For example, one man in his late sixties described his father's close acquaintance with Zhou Enlai, the Premier who served under Mao Zedong. He spoke of cell phone calls he received from the Central Committee of the Chinese Communist Party while in the ward. (These cell phone calls appeared to be the voices he heard.) He said that the calls were from high-level government, asking him to help collect information on the Korean War and the resistance against Japan (during the Second Sino-Japanese War). Another man of the same age described hearing voices of the opposite political alliance than himself, who spoke from downstairs at the hospital: “He is anti-Party and anti-socialism … I’m not anti-Party and anti-socialism … [but] they said I’m counterrevolutionary.”

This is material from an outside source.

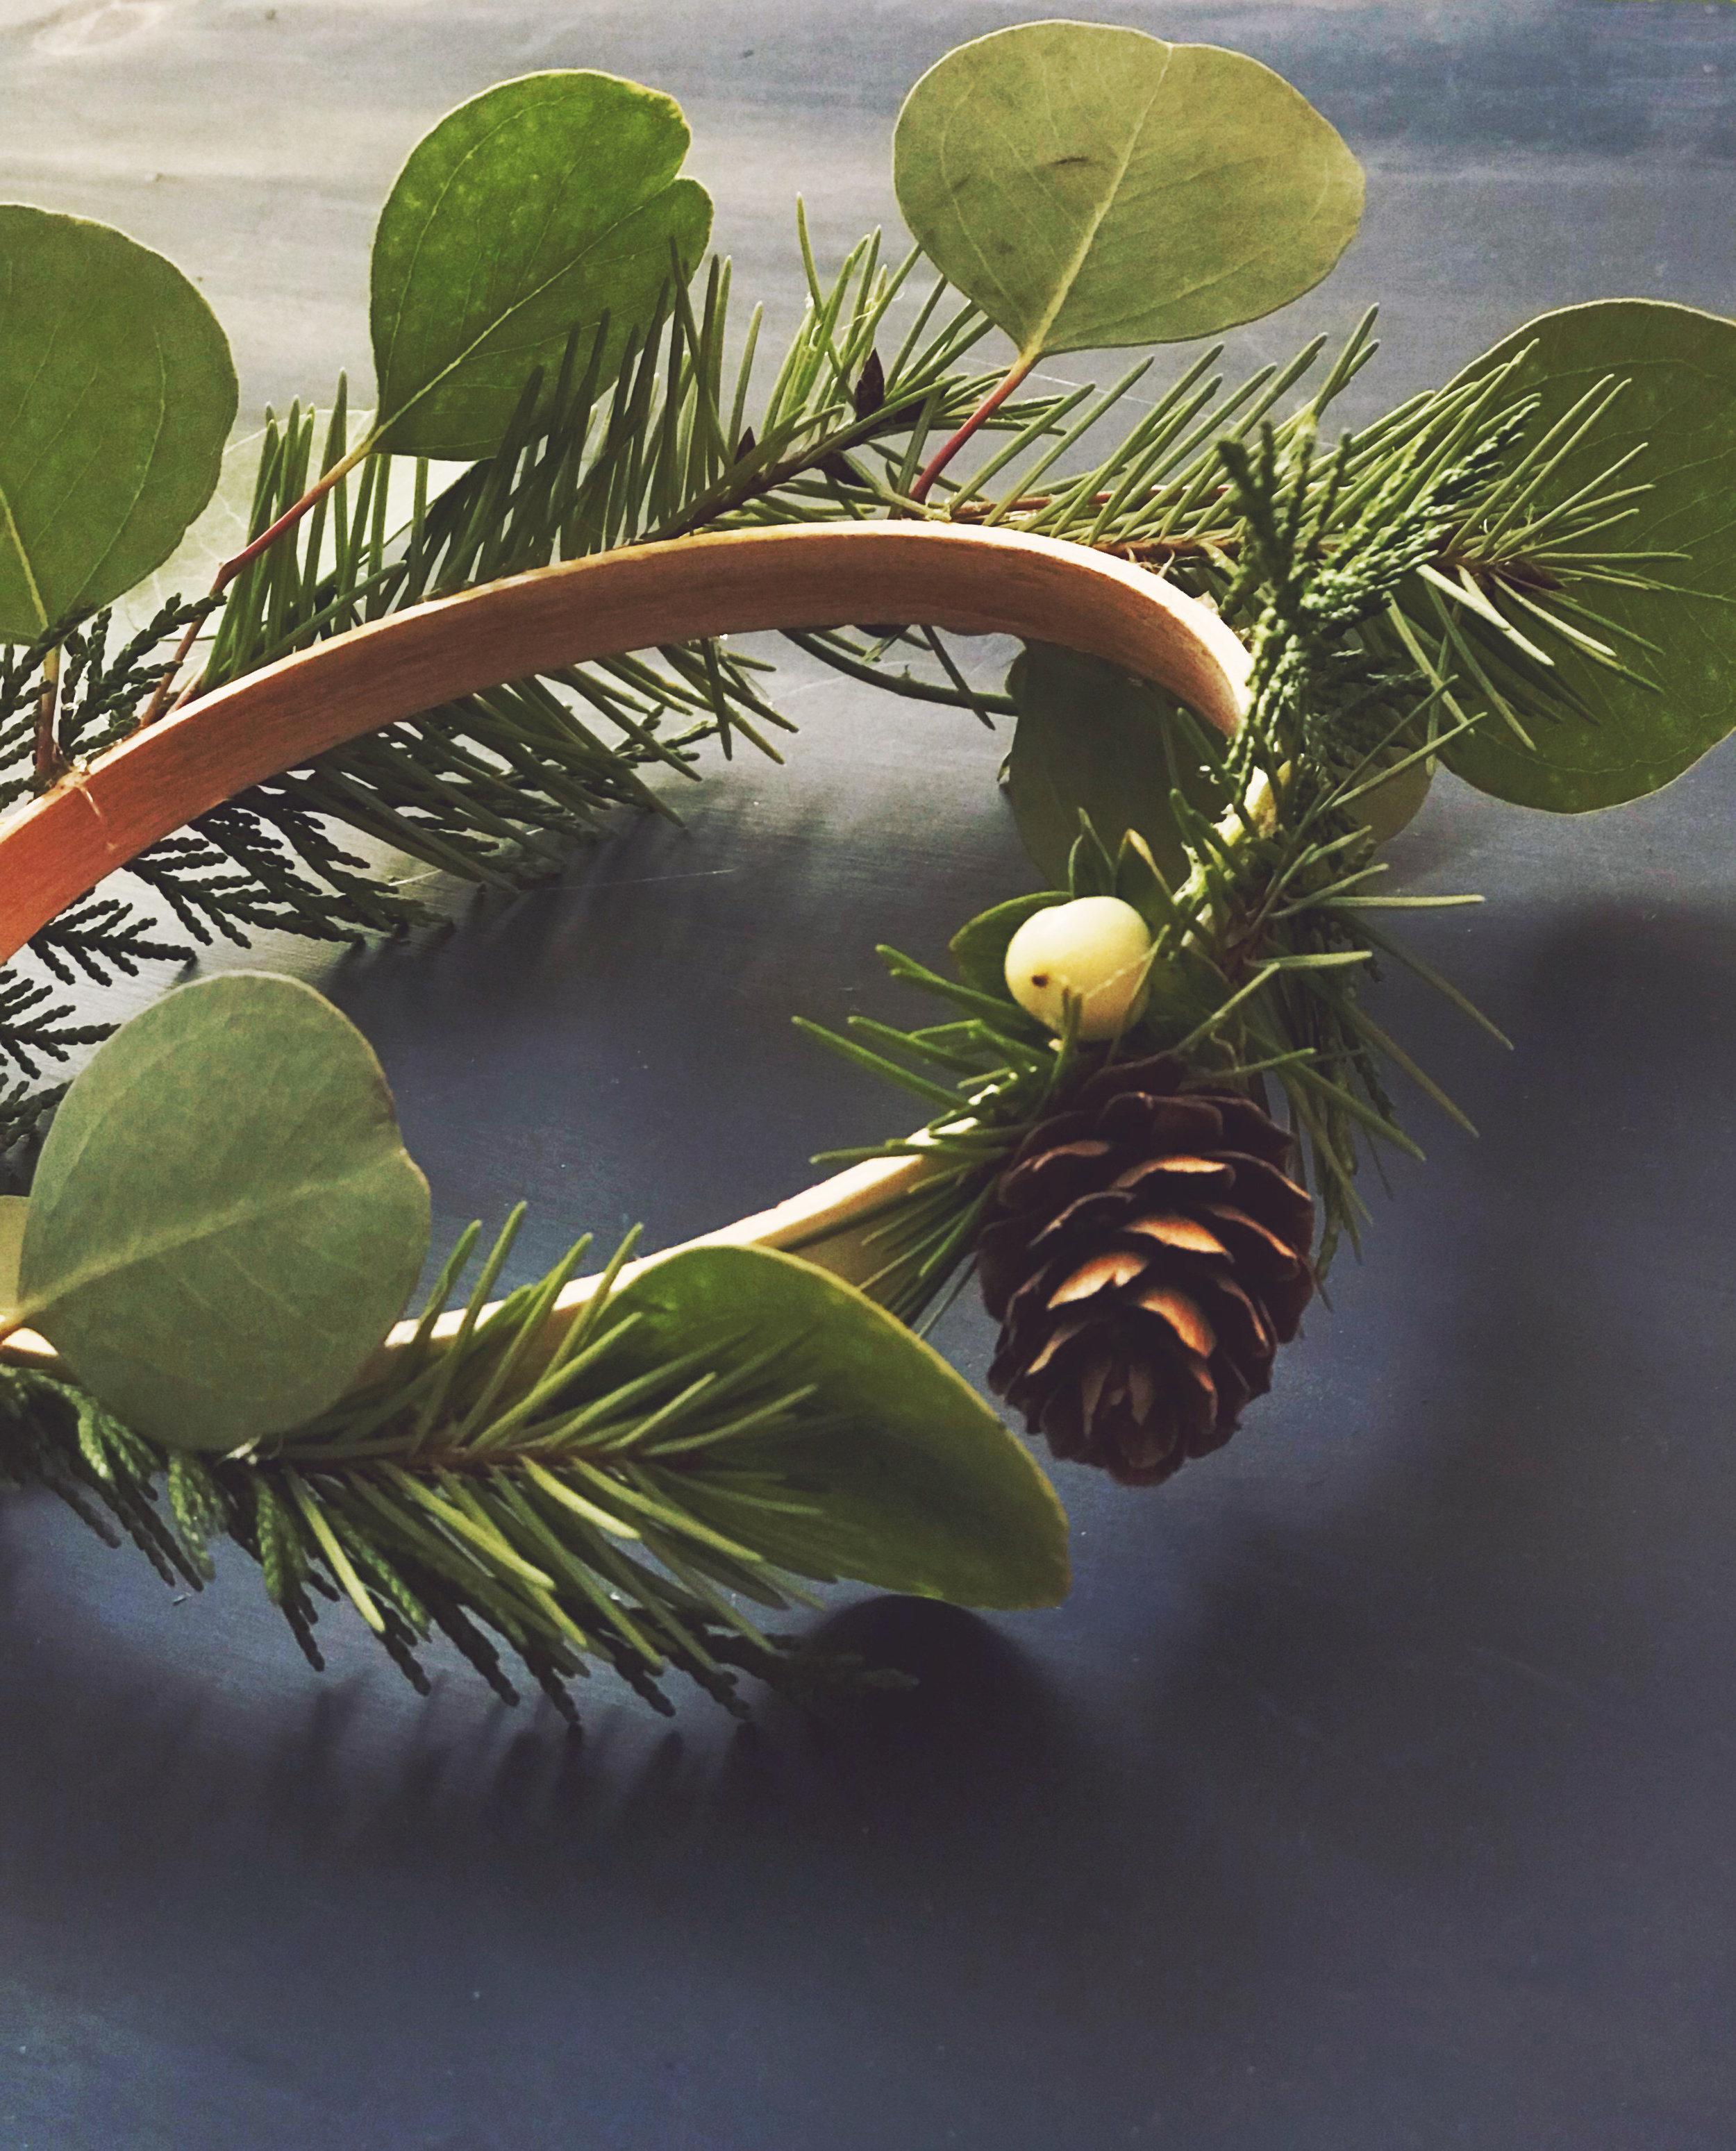 DIY 3 Tier Chandelier Wreath

A 70-year-old man heard the voice of a former neighbor, who he at times felt controlled him remotely, and who worked for Chiang Kai-shek, leader of the Chinese Nationalist Party and political opponent of Mao: “She is a spy. She has slept with Chiang Kai-shek, and has slept with the Minister of Defense.” He, by contrast, worked with Mao: “I used to be Chairman Mao's advisor, when I was 13 years old.” Even though she was clearly a questionable character for him, he seemed to feel he could change her mind: “[I] did some thought work [on the spy neighbor,] hoping she would change, telling her not to harm people … She said harming people is not good.” Thought work was a political term of ideological reform, used commonly by the Communist Party during the Maoist era and beyond. The man said he convinced her that harming people was bad, and that his former neighbor indeed changed a lot after his intervention.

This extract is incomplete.